Он слишком стар. Симон больше никогда не ступит на эту обетованную землю первозданной жизни, где под каждым камнем находишь толстых, размером с большой палец, креветок, где морской бамбук «пожирает» покрытые галькой берега, усеянные неисчислимым множеством птичьих следов, где благодаря сверхрождаемости обитателей воздуха и холодных вод сохраняется тот облик мира, который уничтожили, кстати, сами люди, перенаселив его самими собой. Больше он туда не приплывет. Зато он знает, что тристанцы еще имеют преимущество над теми отчаявшимися странниками, что каждый летний месяц погибают на автотрассах или упрямо крутят педали в бредовой надежде обрести где-нибудь кусочки нетронутой природы, каковую они оскверняют обрывками промасленной бумаги.
— Через четыре часа они будут на месте, — грустно говорит Симон, отходя от берега.
Вот они с Хью подошли к краю потока лавы, к тому месту, куда она, пузырясь и вздыбливаясь, скатилась по склону кратера. Ребятишки, окликаемые матерями, забираются на базальтовые обломки, из трещин которых пробивается трава. Баркасы отсюда кажутся далекими, покачивающимися на волнах птицами.
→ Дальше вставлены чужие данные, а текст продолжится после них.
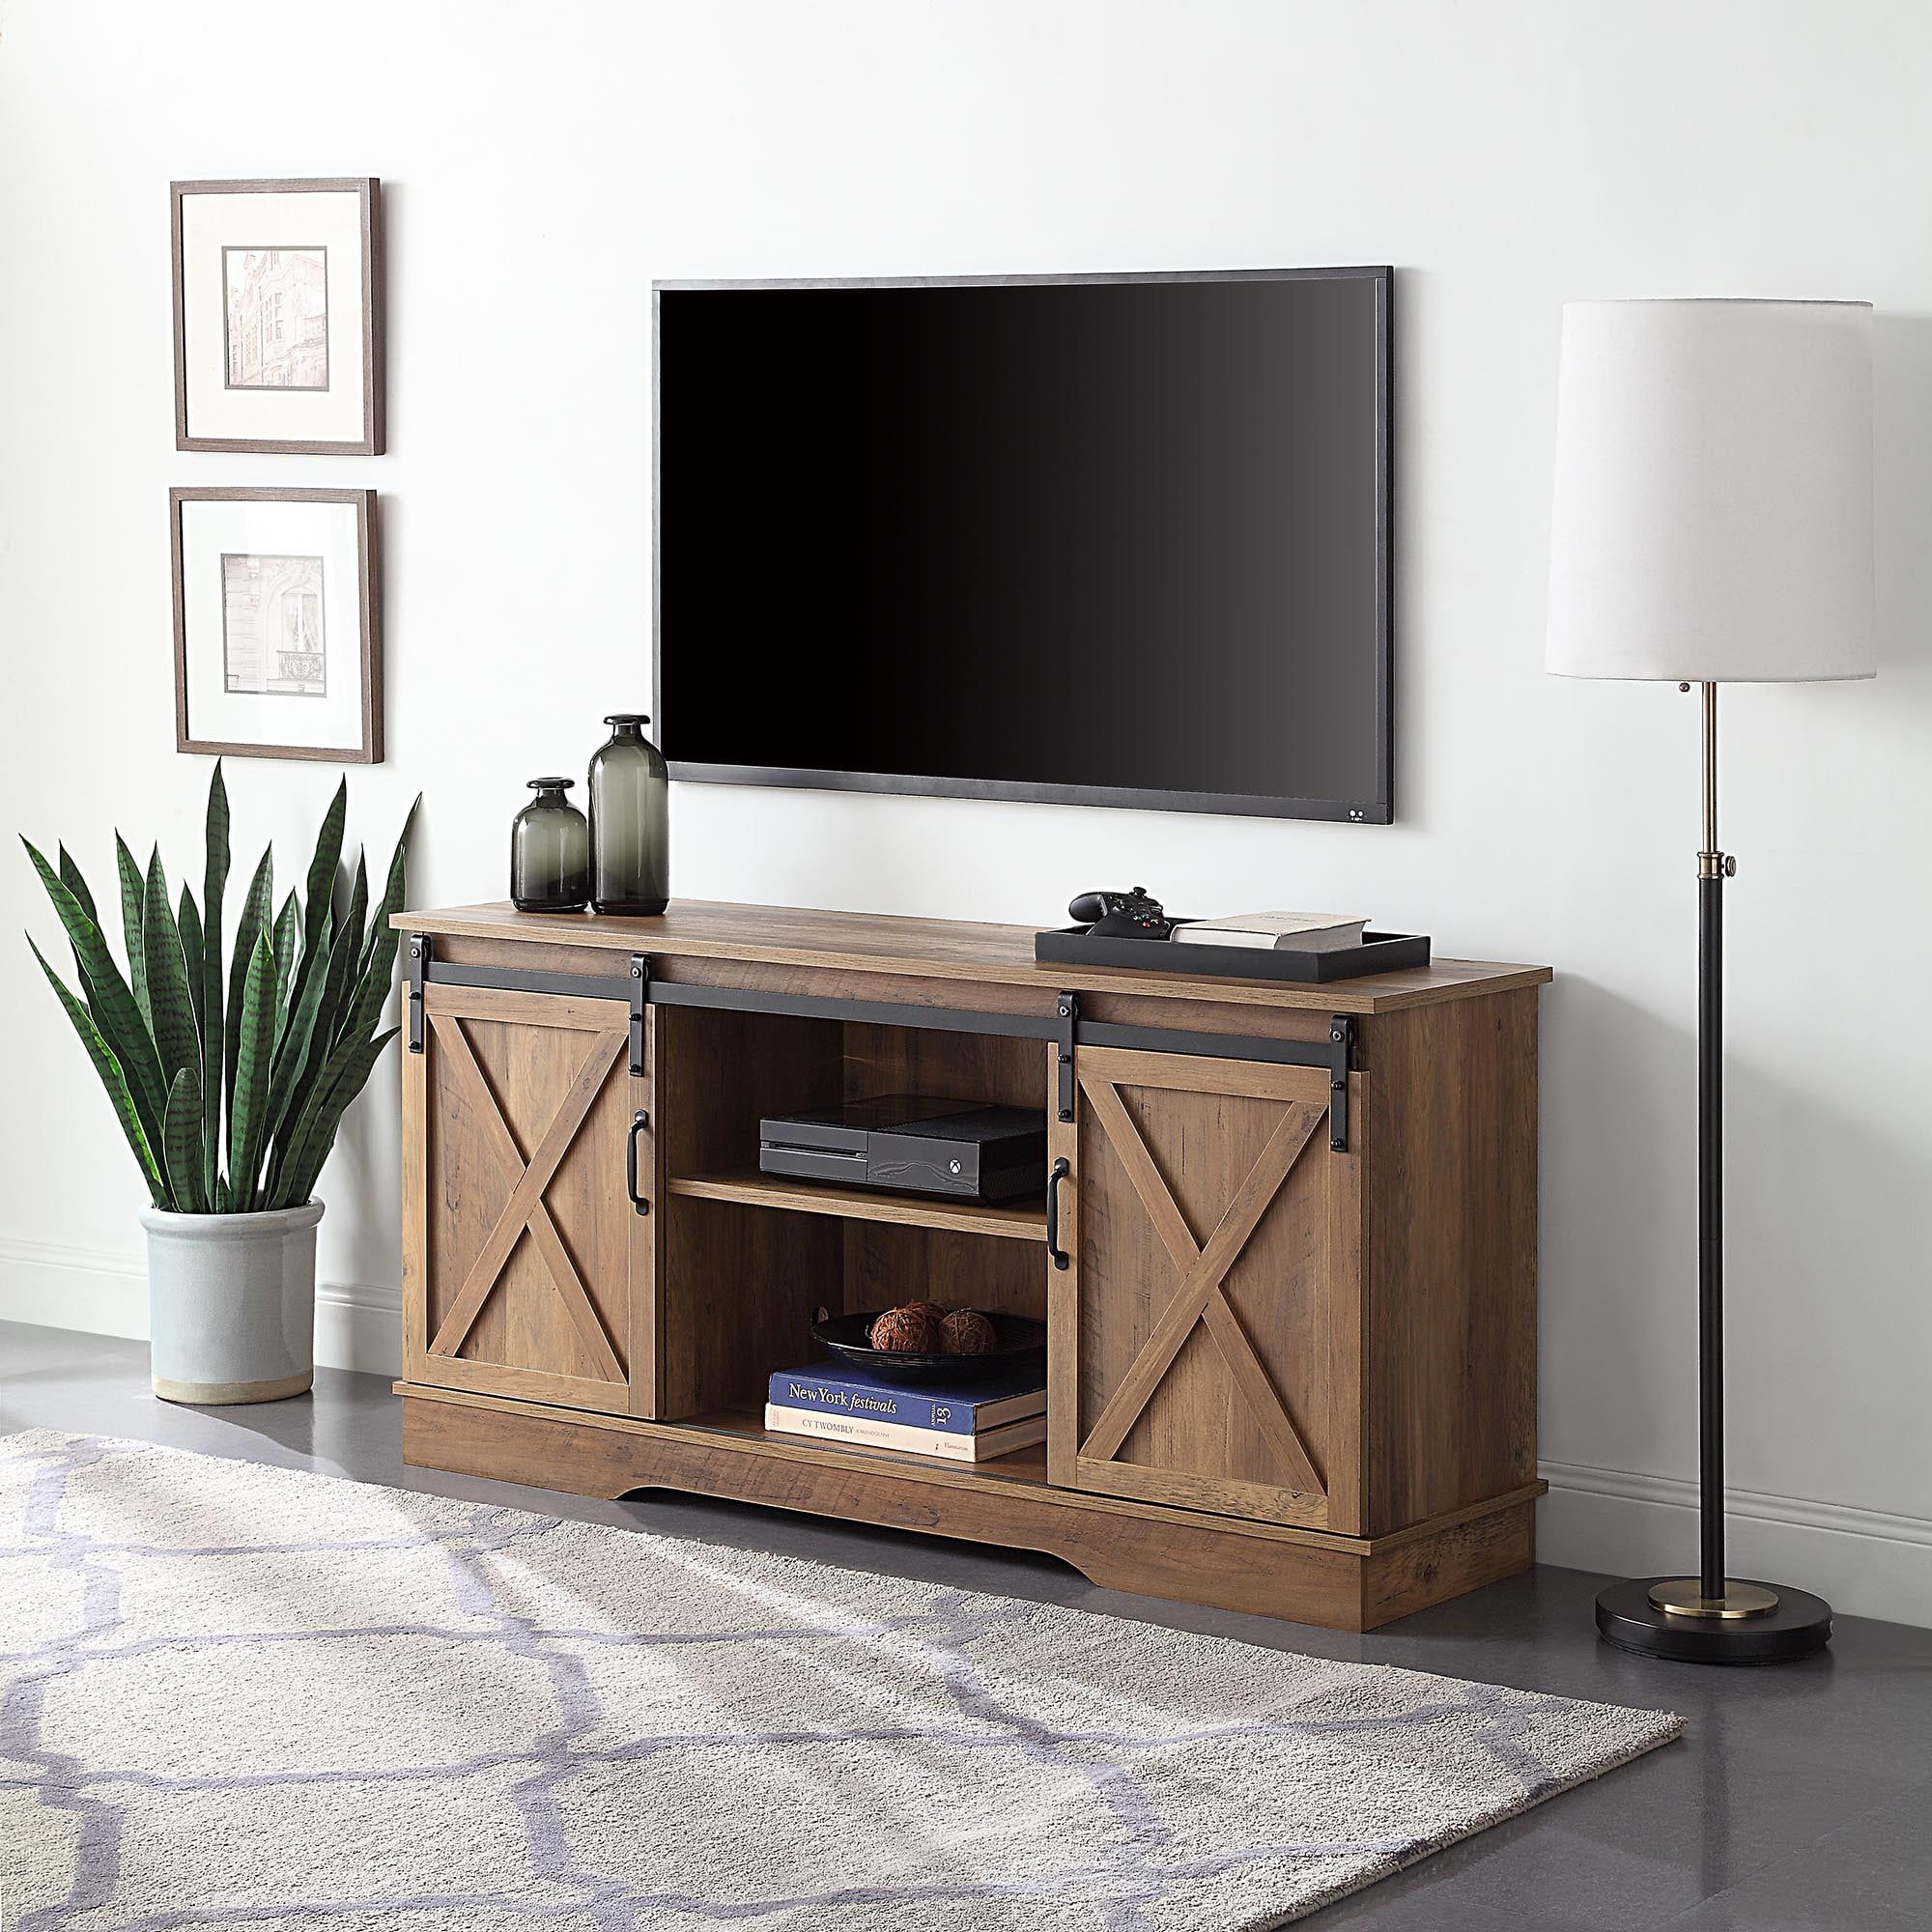 Belleze Modern Farmhouse Style 58 Inch Tv Stand With Sliding Barn Door Inside Farmhouse Tv Stands (View 18 of 20)

— Странная история, — снова начинает разговор Хью. — Вы удалились от мира, но зависите от него в том, что он вам дает. Вы живете на чистом воздухе, в тишине и на свободе, тогда как другие, кто делает вам моторы, задыхаются в дымных цехах. У всякой легенды есть свои пределы, а вашей легенде сильно помогли. Но в общем, все это — философская сказка, чье достоинство в том, что она правдива.
— Эк куда вы гнете, — ответил Симон. — Для нас это — привычные будни.
От ходьбы Симон запыхался. Хью, взяв его под руку, спускается с ним к домам, где в дверях исчезают юбки, за которые цепляется ребятня. Больше двух дней Хью мучается сомнением, отправится ли он на «лендровере» исследовать «глубинку» островной равнины? Или же попытается в одиночку взобраться на Бэйз до того, как отправится на обед к доктору? «Наша лучшая панорама стоит часа ходьбы на вершину Биг Хамп», — сказал ему Нед. Вот и бунгало старого учителя, после смерти матери живущего отшельником. Хью отпускает его руку и оборачивается, чтобы, задрав голову, разглядеть черный, окаймленный желтыми оплывами лавы холм, который словно съежился у него за спиной.
— А если он снова начнет действовать? — спрашивает он.
— Девяносто лишних акров лавы, вот и все, что смог он сделать, — отвечает Симон, как бы не слыша вопроса.
Разумеется, он не отвечает из вежливости. Однако Симон быстро спохватывается, качает головой и неожиданно выкрикивает:
— А вас не пугает атомная бомба? Мы здесь, по крайней мере, не несем ответственности за извержение вулкана!
Здесь: чиновник, назначаемый британским министерством по делам колоний для управления заморскими территориями. (Здесь и далее примеч. перев.)
Питкэрн — остров в юго-восточной части Океании. В 1785 г. сюда высадился экипаж английского корабля «Баунти», поднявший мятеж против жестокого капитана.
Нантакет — принадлежащий США остров в Атлантическом океане. До середины XIX в. был крупной базой китобоев.
Льюис Кэрролл (наст, имя Чарлз Латуидж Доджсон; 1832–1898) — английский математик, священник и детский писатель. Автор книг «Приключения Алисы в стране чудес» и «Алиса в Зазеркалье».
Паракутин — проснувшийся вулкан в Мексике.
Игра слов: Borne Home (англ.) — родной дом; Bornholm (дат). — Борнхольм.
Так на Тристан-да-Кунье называют альбатросов.